INCONTOURNABLES

Billets Internet Bromont
Diagnostic résidentiel
Défi J’arrête, j’y gagne !
NAPA AUTOPRO entretien
NASCAR: Voyage à gagner
Soumission belairdirect
PUB

Membres Canoe.ca

Chronique

Déménager les Coyotes : la seule solution logique


Albert Ladouceur
27/01/2012 00h49 
Chronique - Déménager les Coyotes : la seule solution logique
Albert Ladouceur 
© Agence QMI


Il n'existe qu'une façon de régler l'épineux problème des Coyotes de Phoenix et la solution passe par le transfert de l'équipe.

Rien n'a évolué depuis que la LNH a acheté la faillite des Coyotes. Depuis deux ans, en partenariat avec les 29 propriétaires,la ligue administre cette organisation moribonde.
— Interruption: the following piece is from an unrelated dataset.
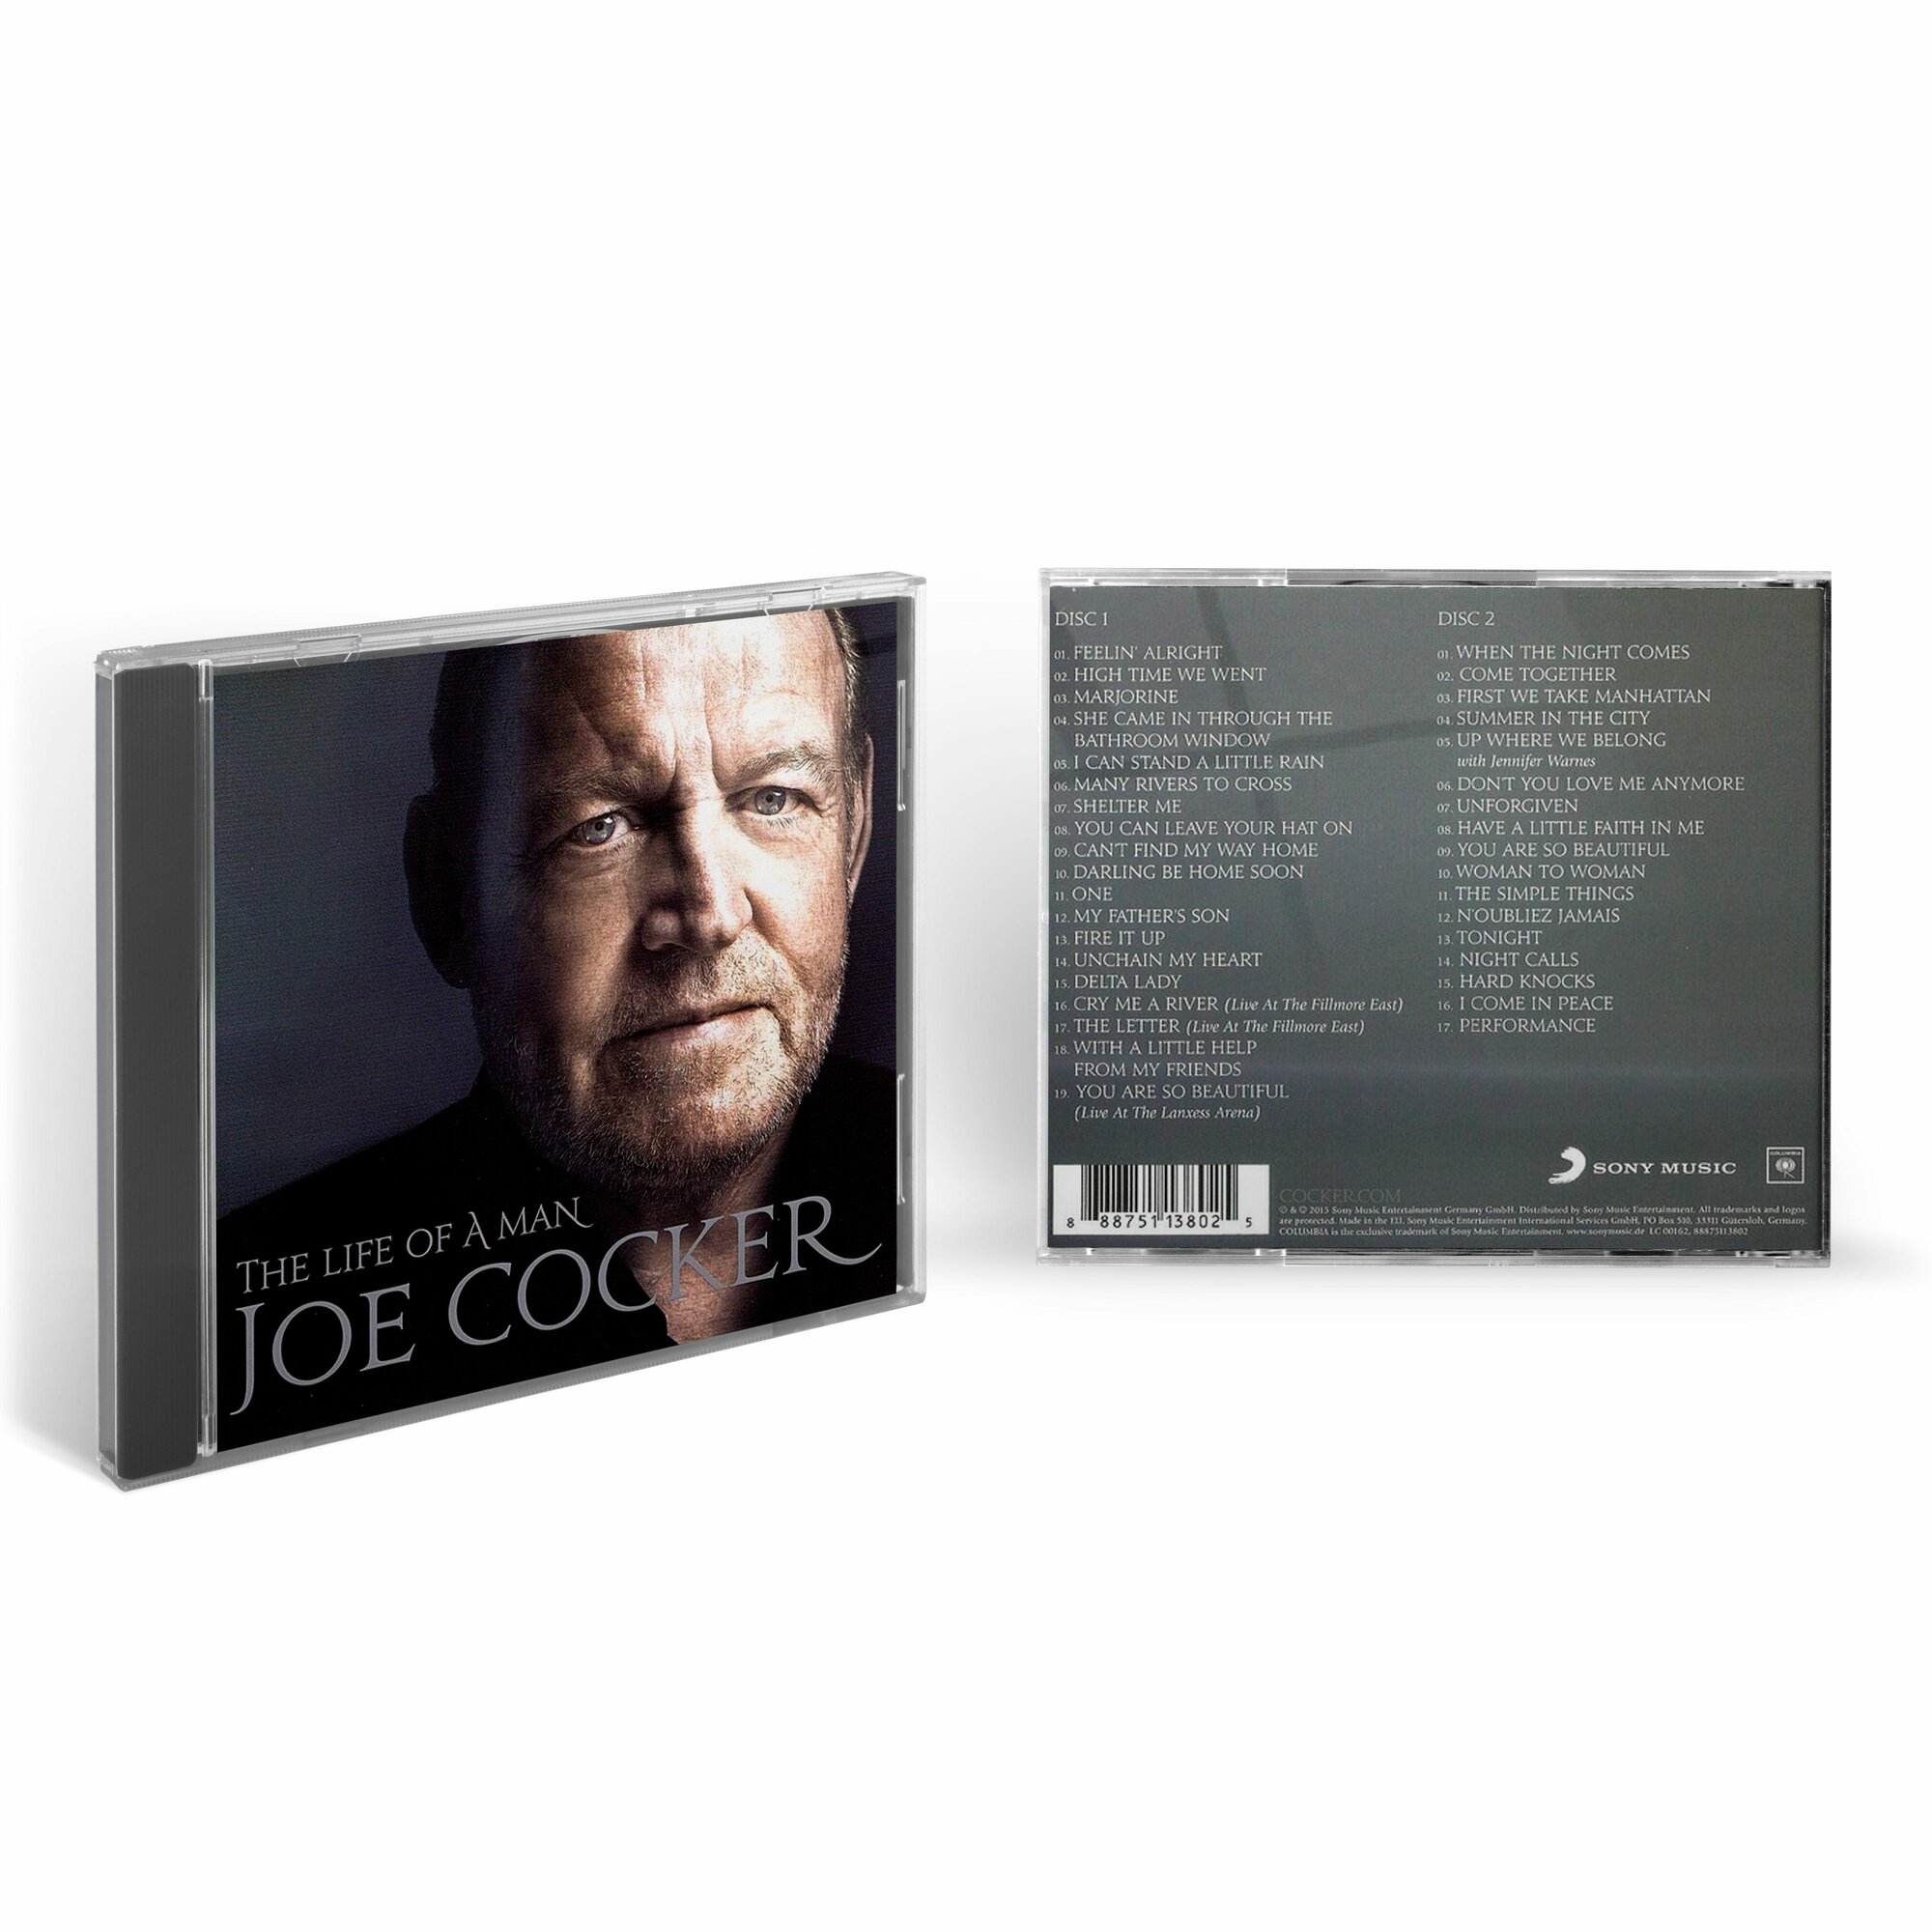 Joe Cocker - The Life Of A Man: The Ultimate Hits 1968 - 2013 (2CD) 2015 Columbia Jewel Аудио диск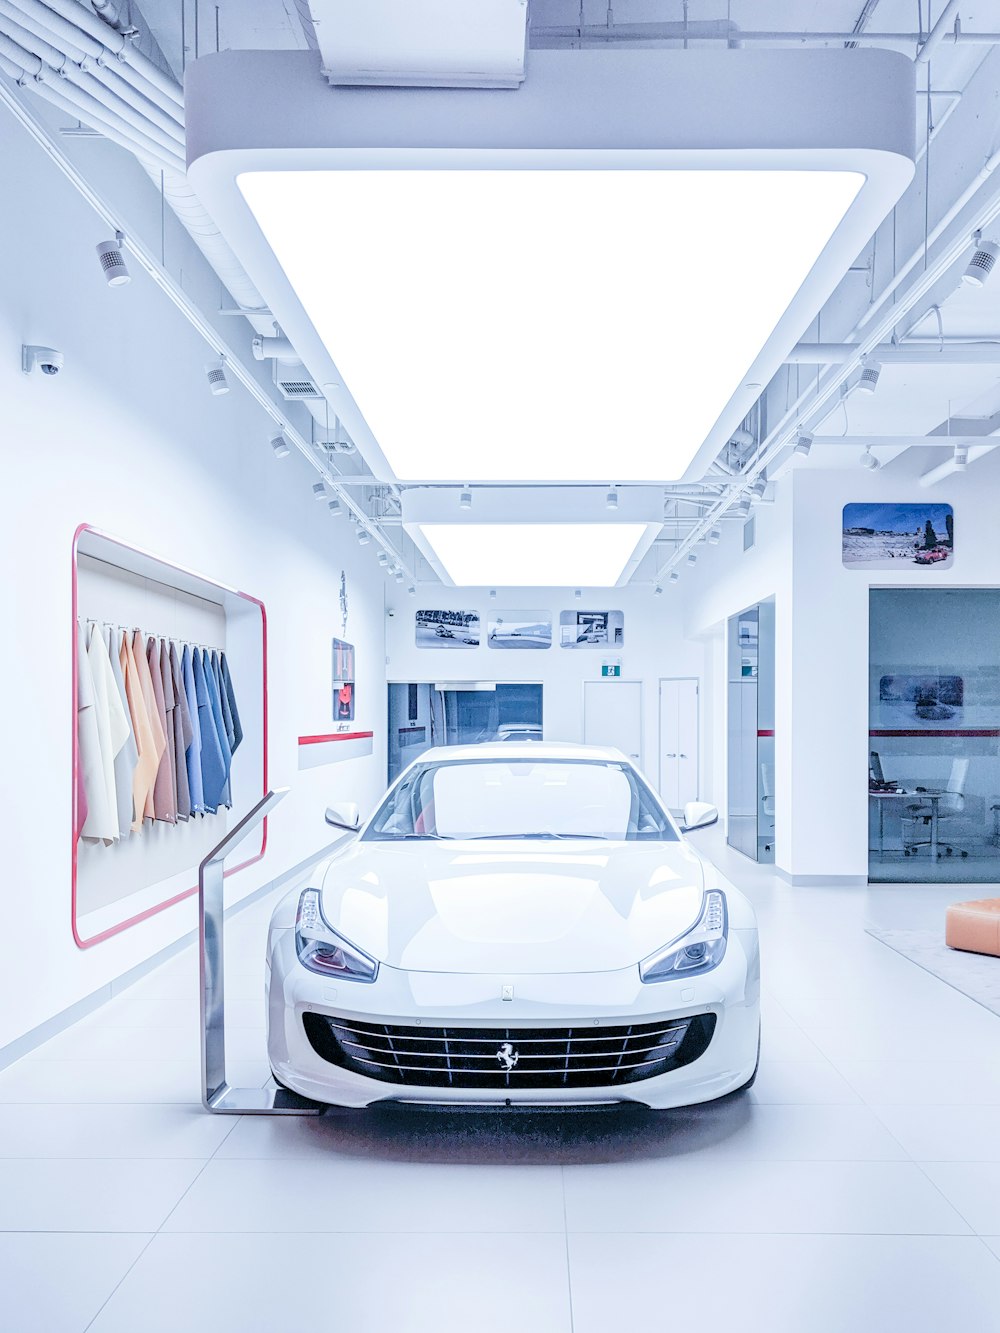 Ferrari blanco dentro de un edificio blanco con ropa colgada

Ça grogne dans les coulisses. Les propriétaires en ont assez de financer une rivale alors qu'ils jonglent avec leurs budgets.

Le commissaire Gary Bettman s'entête à garder une équipe dans le désert qui évolue devant des gradins vides. Le message se voulait pourtant clair lorsque les Coyotes n'ont pu bâtir sur les succès de foule qu'ils ont obtenus dans les séries éliminatoires. La saison suivante, l'engouement s'évaporait de nouveau.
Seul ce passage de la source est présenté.